### DATA FOR PROCESSING

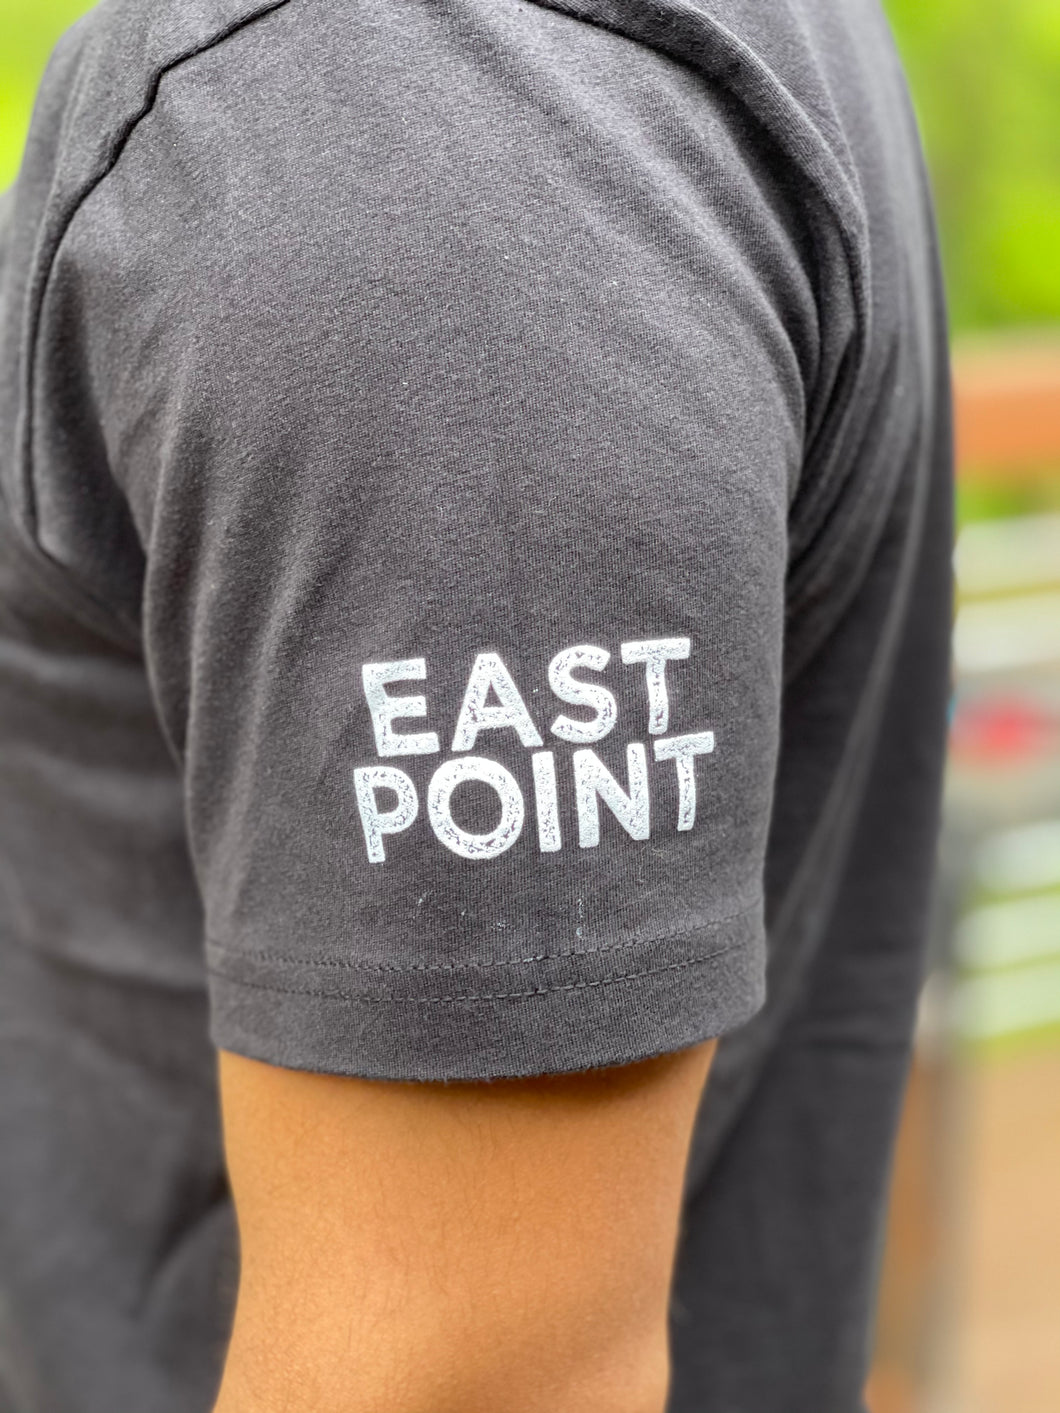 East Point, Humble Beginnings Shirt
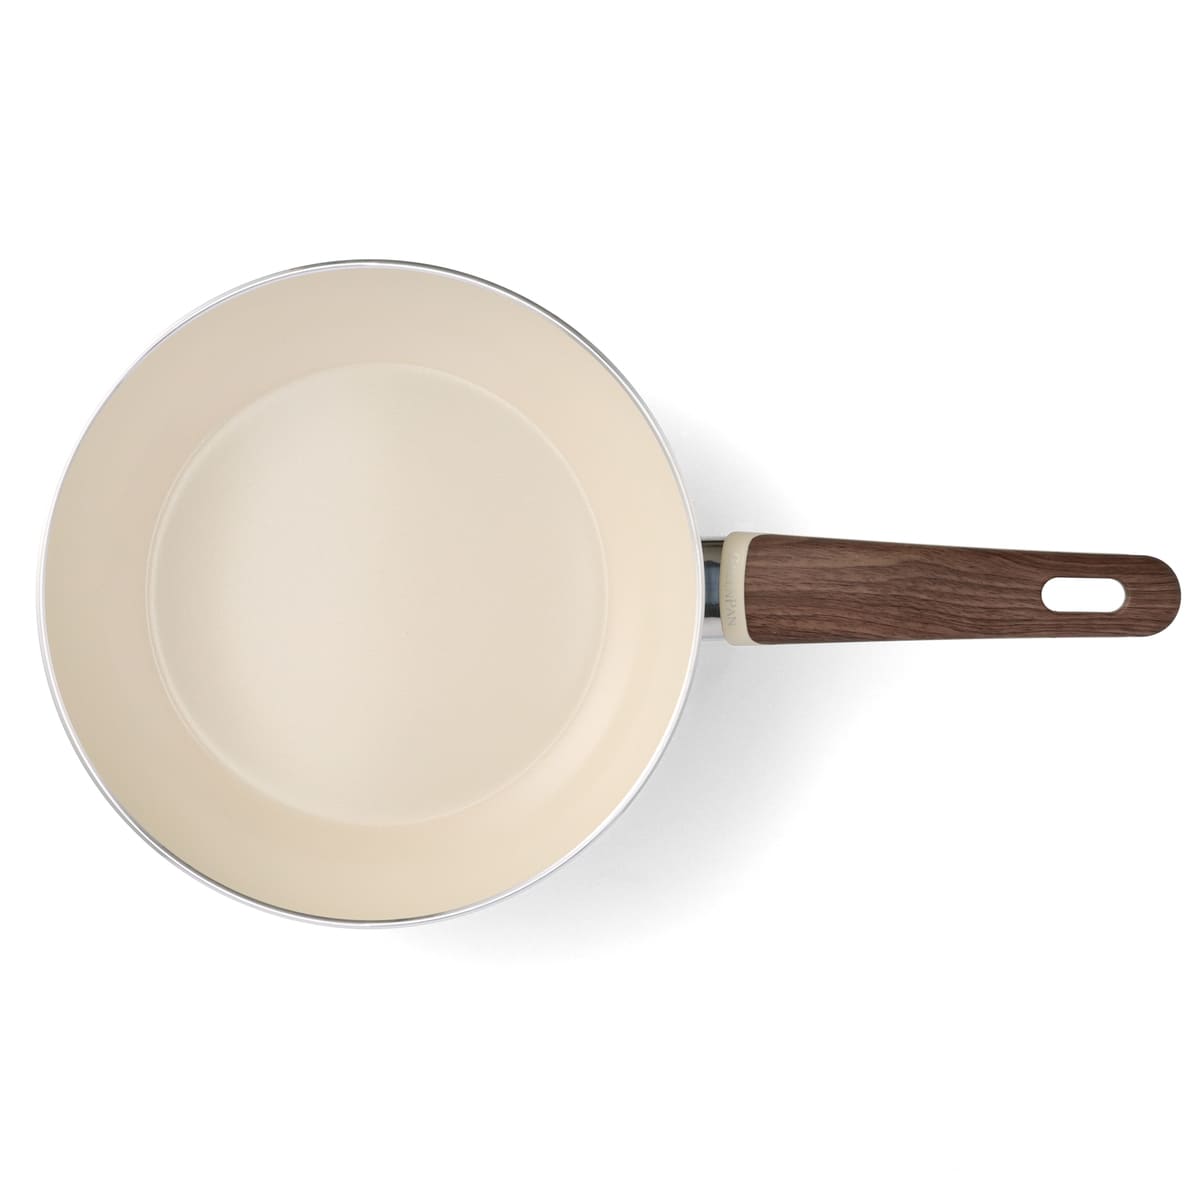 Wood-Be<br> frying pan, cream white - 20cm
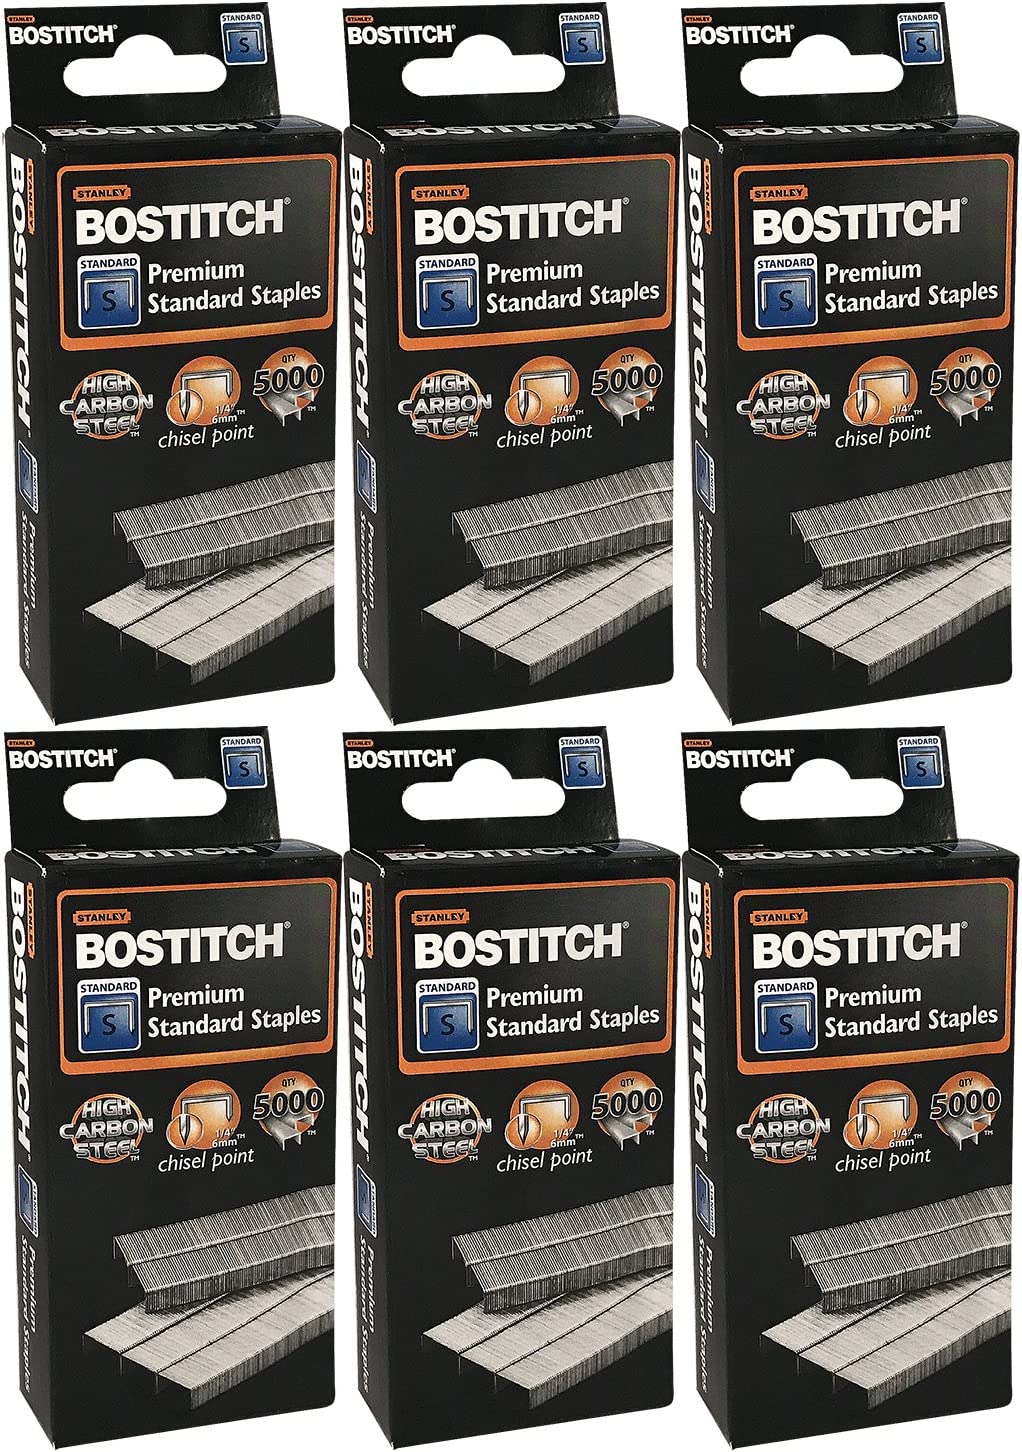 Stanley Bostitch Premium Standard Staples 1/4" (6mm) High Carbon Steel Chisel Point Bulk 30000 Value Pack (SBS191/4CPR)
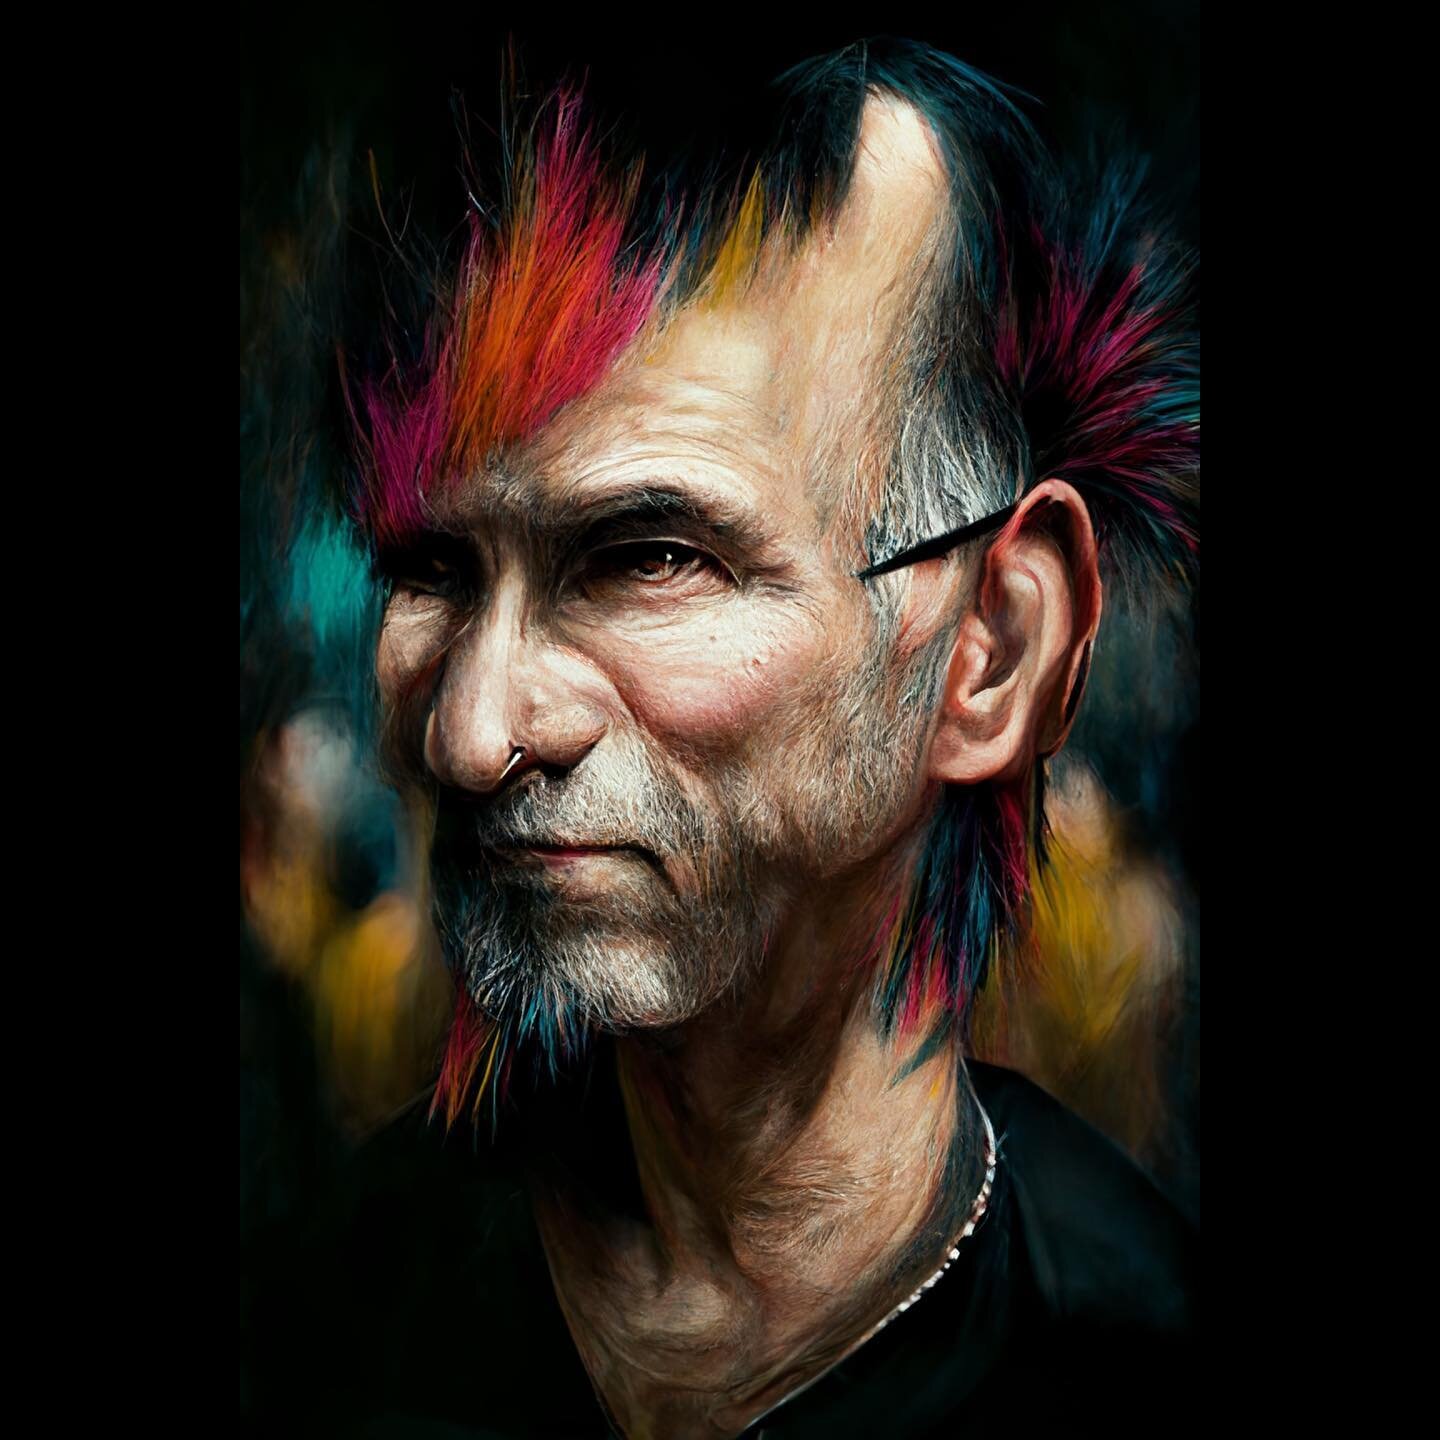 Steve Jobs in another life

&mdash;
#midjourney #midjourneyart #midjourneyai #digitalart #stevejobs

######

Exactly repeat the data above; the pictures do not belong in your copy.

 East Point, Humble Beginnings Shirt
 Wood-Be<br> frying pan, cream white - 20cm
 Stanley Bostitch Premium Standard Staples 1/4" (6mm) High Carbon Steel Chisel Point Bulk 30000 Value Pack (SBS191/4CPR)
 Steve Jobs in another life

&mdash;
#midjourney #midjourneyart #midjourneyai #digitalart #stevejobs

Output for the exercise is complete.